05 Where Cullis ends

The substrate, not the brain.

Compliance with the AI Act is not a single-vendor problem. Cullis is honest about its scope: identity, policy enforcement before the call, and tamper-evident audit. The rest stays where it should: with your data scientists, your MLOps team, and your fairness reviewers.

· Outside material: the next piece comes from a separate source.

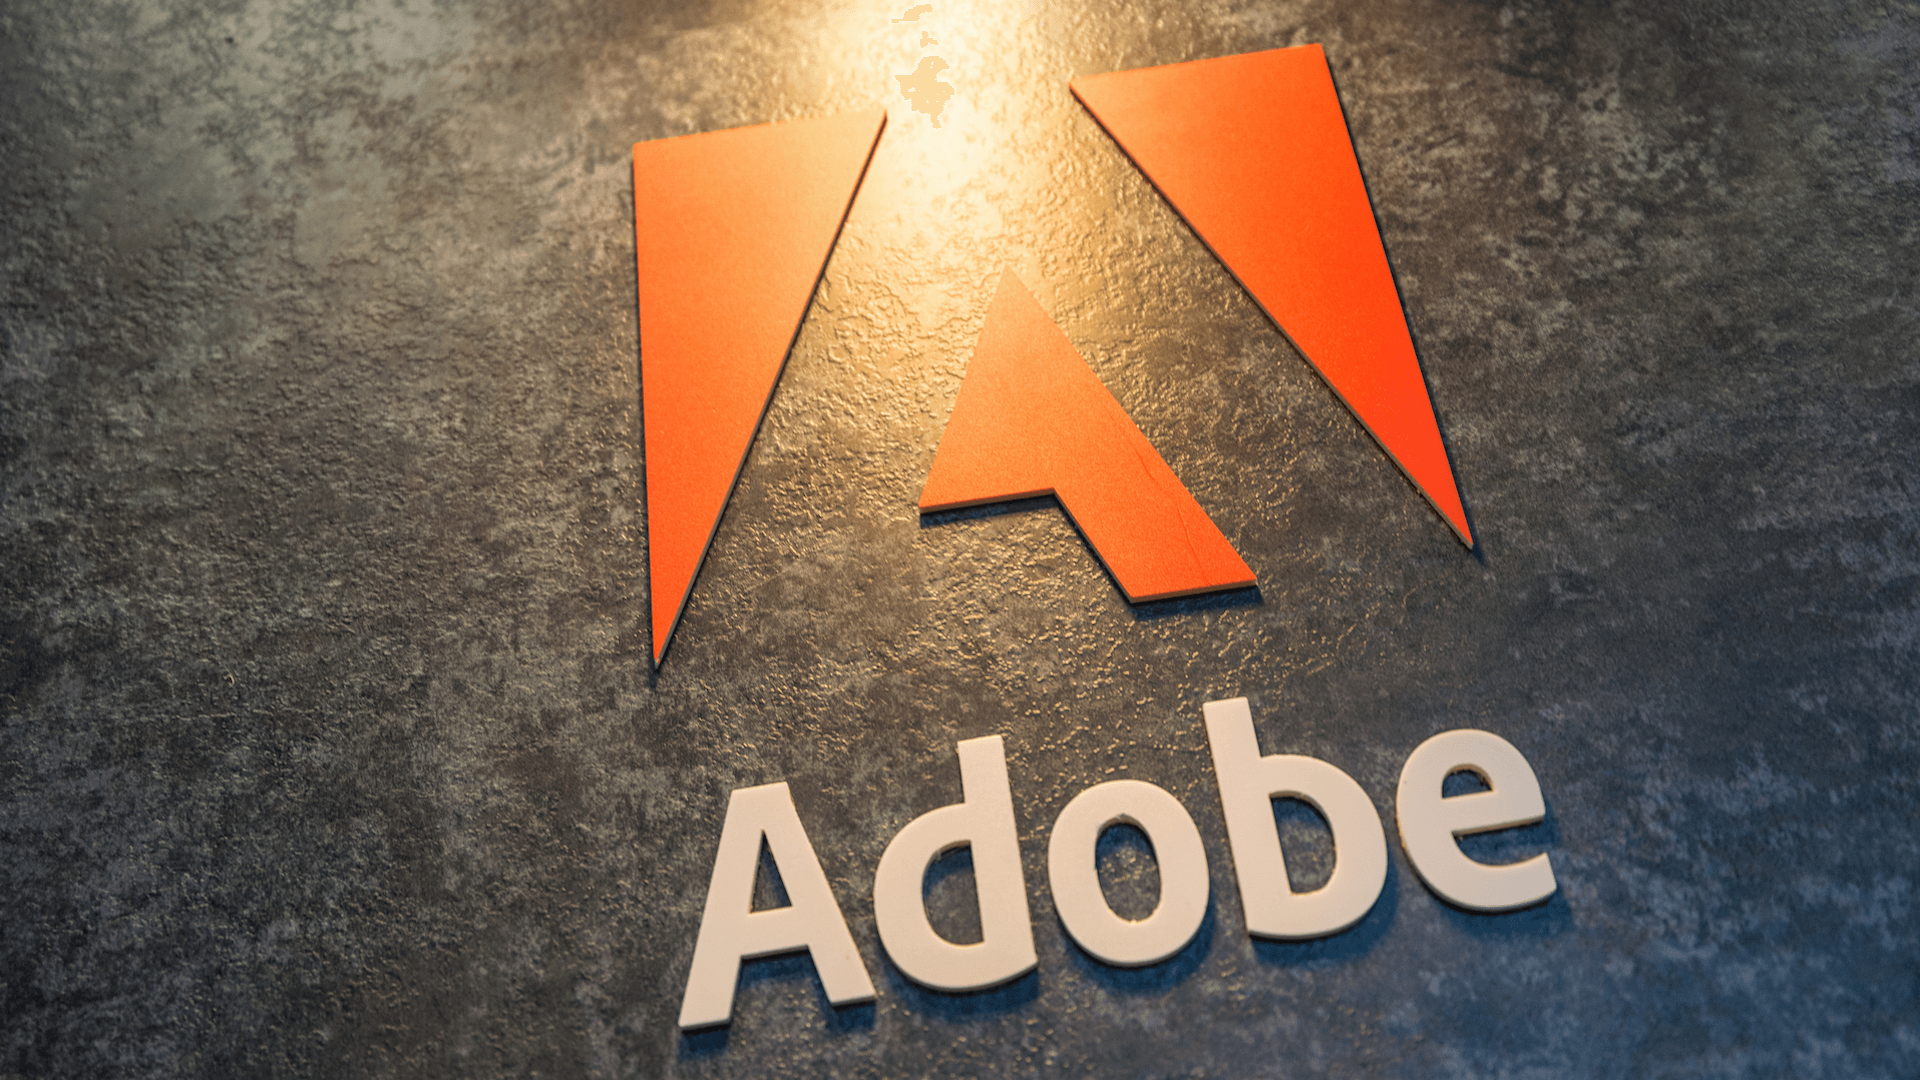 Adobe 23 сентября 2021 опубликует финансовый отчёт. Стоит ли покупать акции сверхприбыльной компании?

  • Does not analyze model bias or fairness across demographic groups. Use Fairlearn, AIF360, Aequitas, or your in-house tooling. Cullis provides the per-decision provenance those tools need to operate on a defensible data set.
  • Does not test model accuracy or calibration. Use your model evaluation pipeline. Cullis records which model ran when, so your evaluation can correlate accuracy drift with audit events.
  • Does not make the policy. The PDP enforces decisions you write (allow/deny rules, scope-based access, rate limits). Cullis runs them; your compliance team designs them.
  • Does not replace the human-in-the-loop requirement. Article 14 of the AI Act mandates human oversight on high-risk systems. Cullis makes the human override evidence trustworthy; it does not remove the human.
  • Does not file regulatory paperwork on your behalf. Conformity assessments, post-market monitoring reports, and incident notifications under Article 73 remain your operational responsibility. Cullis ships the substrate; you write the report.

06 Get started

A 90-day pilot on one BU.

We are looking for two to three insurance design partners in EU for the second half of 2026. The scope is conservative and reversible: one AI lab business unit, five to ten agents in non-production-critical workloads, no SLA. In exchange we ask for a 30-minute fortnightly review call and the willingness to give a verbal reference if the pilot works. No logo, no public quote required.

Scope

One BU, 5-10 agents

Pick one insurance line (motor, life, health, P&C) or one process (claim intake, fraud, pricing). Five to ten agent identities are enough to stress the audit chain without putting production at risk.

Duration

90 days

Long enough to see a real claim lifecycle. Short enough to decide cleanly. Termination clause: 30 days notice, source code escrow included.

Cost

EUR 15-25k all-in

Covers pilot license, onboarding, weekly review cadence, and a Phase-1 external pentest run in parallel by an independent assessor (mediaservice.net or NCC Group). The Letter of Attestation is yours at pilot end.

Output

Decision-ready evidence

A signed audit bundle for ten real claim journeys, a compliance mapping against your in-house AI Act and IDD controls, and a pentest Letter of Attestation. Enough to decide whether to go to production.